Índios Wajãpi - O evento contou com apresentações sobre os problemas e potencialidades das Unidades de Conservação, no Estado do Amapá. No correr da semana foram tratados temas como: contextualização das unidades de conservação; zona de amortecimento; clima, geologia, geomorfologia, solos, espeleologia e hidrografia; aspectos sócio-econômicos, culturais e históricos; a questão indígena; aspectos institucionais; pesquisa e monitoramento; integração do entorno; estratégia de proteção; uso público e educação ambiental; objetivos do manejo; zoneamento e alternativas de desenvolvimento.

No sábado foi realizado um trabalho de campo, que contou com a colaboração dos índios "Seni" e "Ripé", da terra indígena Wajãpi - contígua ao parque. Após participação na oficina, onde demonstraram interesse pela regularização da unidade de conservação, por favorecer a proteção de suas terras, eles levaram os analistas ambientais para ver na prática as situações que encontrarão no dia-a-dia, durante a construção dos planos de manejo. Deram explicações sobre plantas medicinais, flora, fauna e outras características da região.

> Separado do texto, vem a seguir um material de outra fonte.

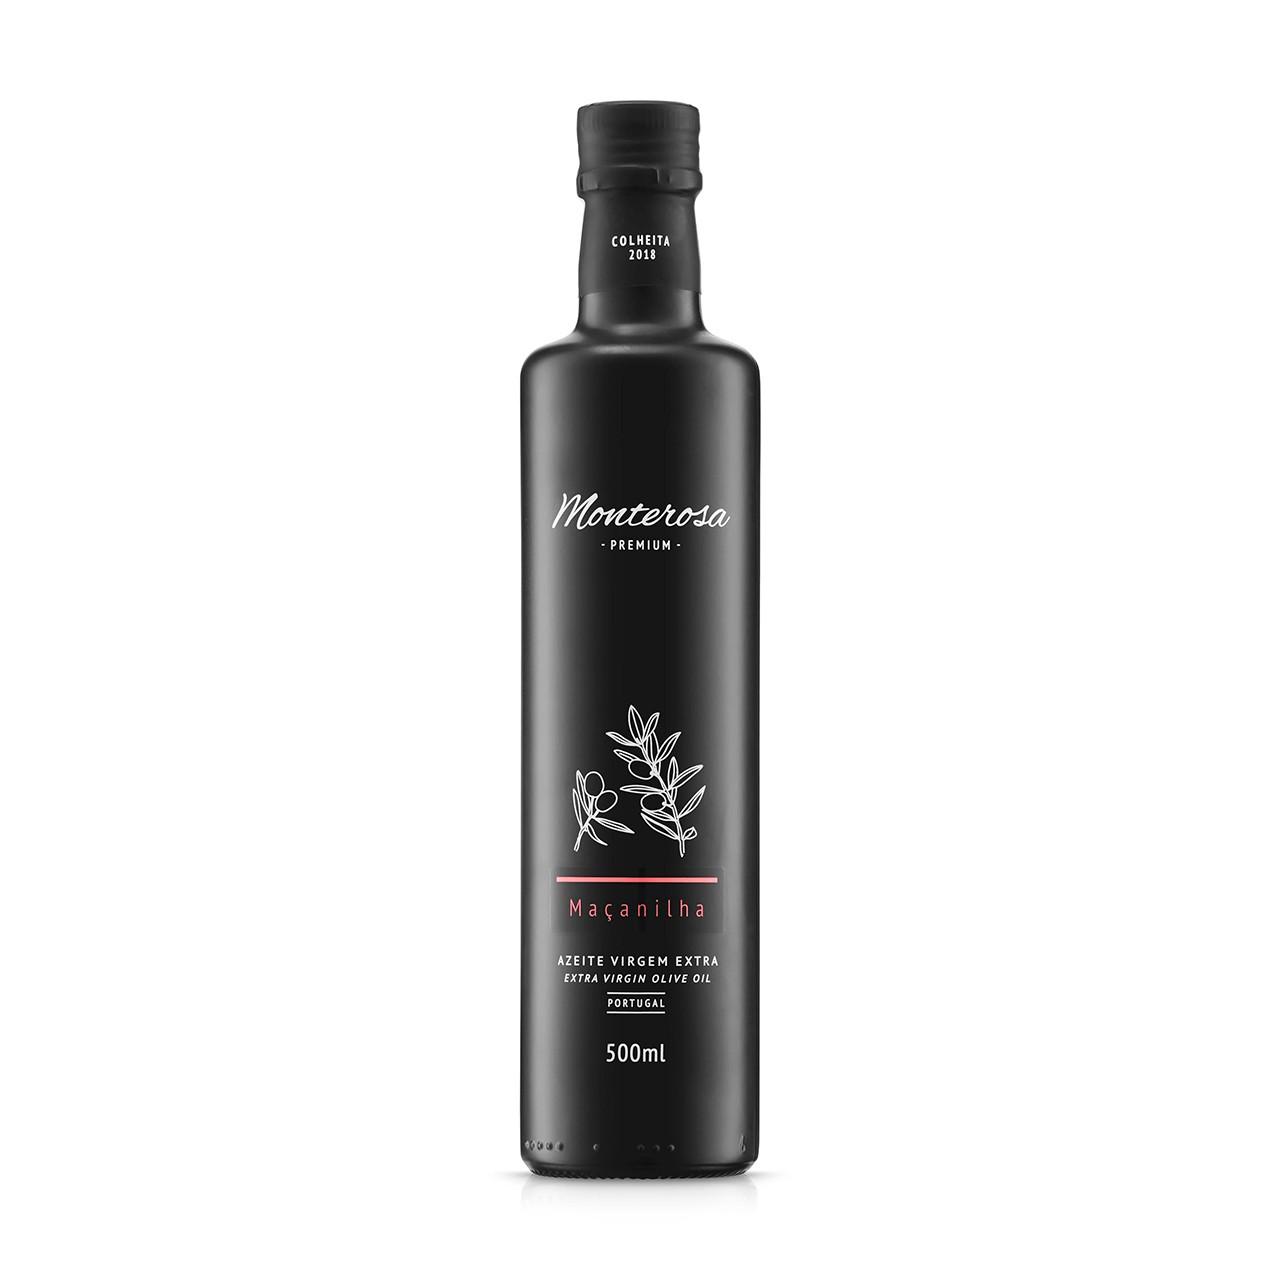 Macanilha Superior Monterosa oliwa extra virgin 500 ml

No domingo foi a vez dos analistas ambientais receberem explicações sobre as ações do Programa de Desenvolvimento do Ecoturismo na Amazônia (Proecotur), do Ministério do Meio Ambiente. Segundo o especialista em áreas protegidas, Marcello Lourenço, 70% dos ecoturistas procura unidades de conservação, pois querem ver flora, fauna e paisagens exuberantes. "Nosso foco é atentar para o planejamento dessas áreas para atender suas necessidades. Por isso compartilhamos dessa política nova do Ibama, de capacitar os analistas para fazer os planos de manejo, pois acreditamos que é este o caminho correto", afirmou Lourenço

Tumucumaque - O Parque Nacional Montanhas do Tumucumaque, na região noroeste do estado do Amapá, divisa com a Guiana Francesa, poderá receber visitação pública a partir de 2006. Pelo menos é o que prevê o responsável pelo parque, Christoph Jaster, a partir da Oficina de Plano de Manejo que está sendo realizada no município de Serra do Navio (AP) e que possibilitará o planejamento para a conservação da biodiversidade e manejo dos recursos naturais da Unidade de Conservação.

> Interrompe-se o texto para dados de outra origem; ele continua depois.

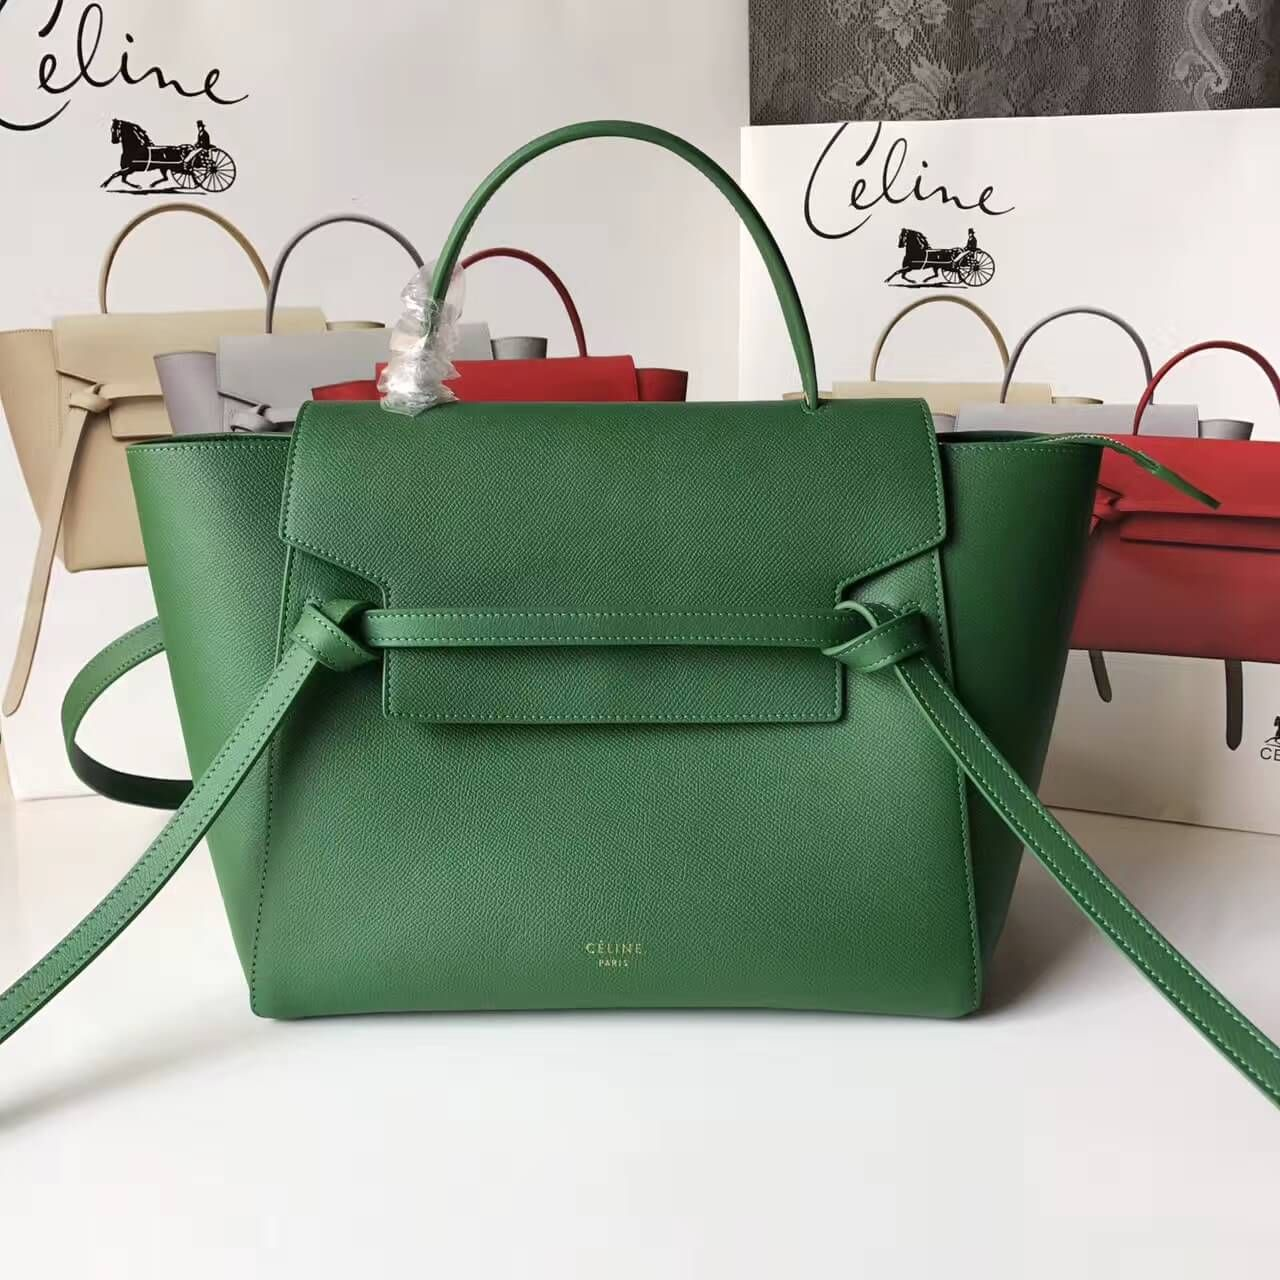 Celine Mini Belt Handbag 100% Authentic 80% Off  8b1cc130ed15d

Com 38.670 Km2 (3,867 milhões ha), o Tumucumaque é o maior parque nacional brasileiro e a maior unidade de conservação de floresta tropical do Planeta. Sua área abrange cinco municípios do Estado do Amapá (27% do território) e um do Pará, sendo maior do que a Bélgica (30.513km2) e praticamente do mesmo tamanho da Holanda (40.844Km2). O contorno do parque, com cerca de 1.750 Km, eqüivale praticamente à mesma distância entre Belém (PA) e Brasília (DF). Além das belezas cênicas, o Tumucumaque possui em seu interior inscrições rupestres de tribos indígenas antigas e as nascentes dos principais rios do Estado do Amapá.

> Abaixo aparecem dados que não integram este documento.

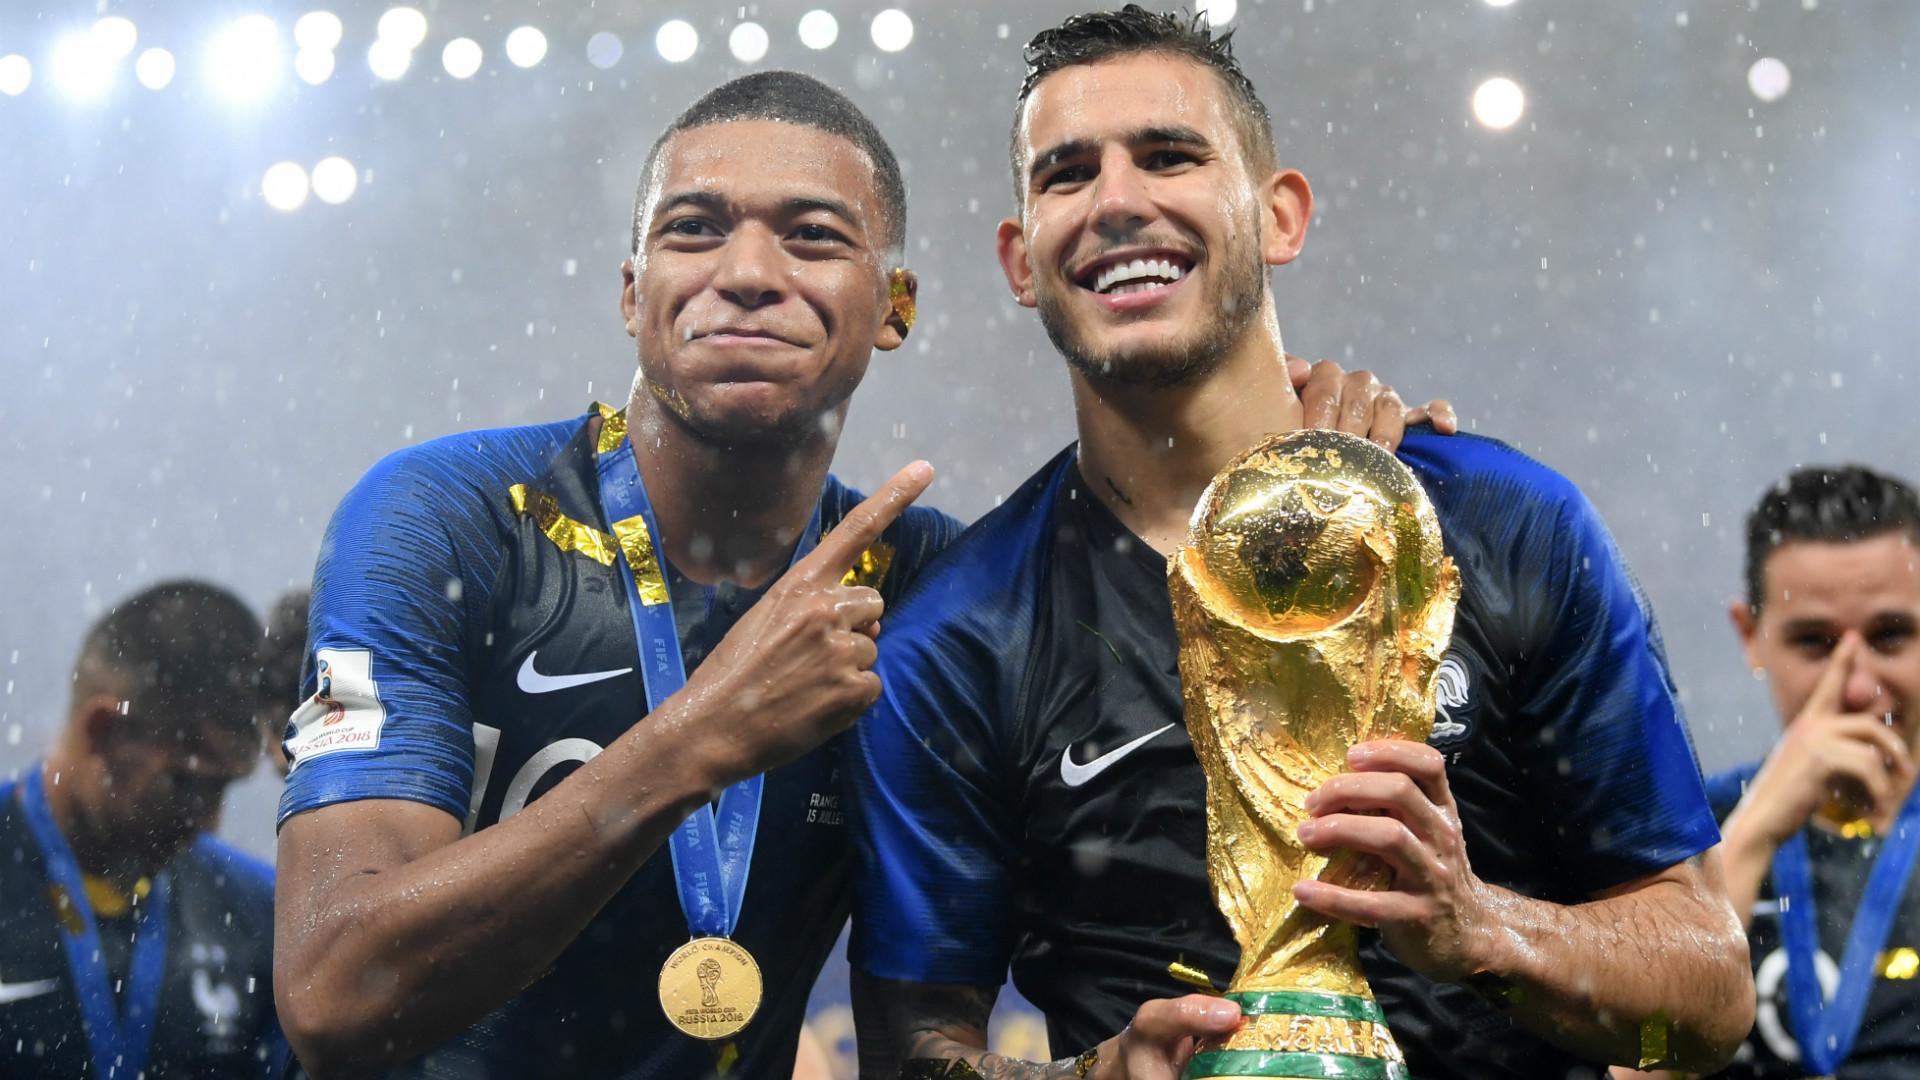 International : La France s'impose face aux Pays-Bas. Giroud marque enfin

Christoph Jaster entende que os principais problemas do Tumucumaque estão na pressão antrópica (ação humana), realizada através de turismo informal, caça e pesca, pistas de pouso clandestinas e, principalmente, a ação ilegal de garimpeiros. Na zona de amortecimento, no entorno da Unidade, ele aponta o tráfico e a biopirataria, a agricultura de subsistência, as ocupações irregulares e, ainda, a existência de uma comunidade de aproximadamente 120 pessoas inserida no limite do parque, junto à divisa com a Guiana Francesa - a Vila Brasil, como principais entraves para a conservação da biodiversidade no Parque.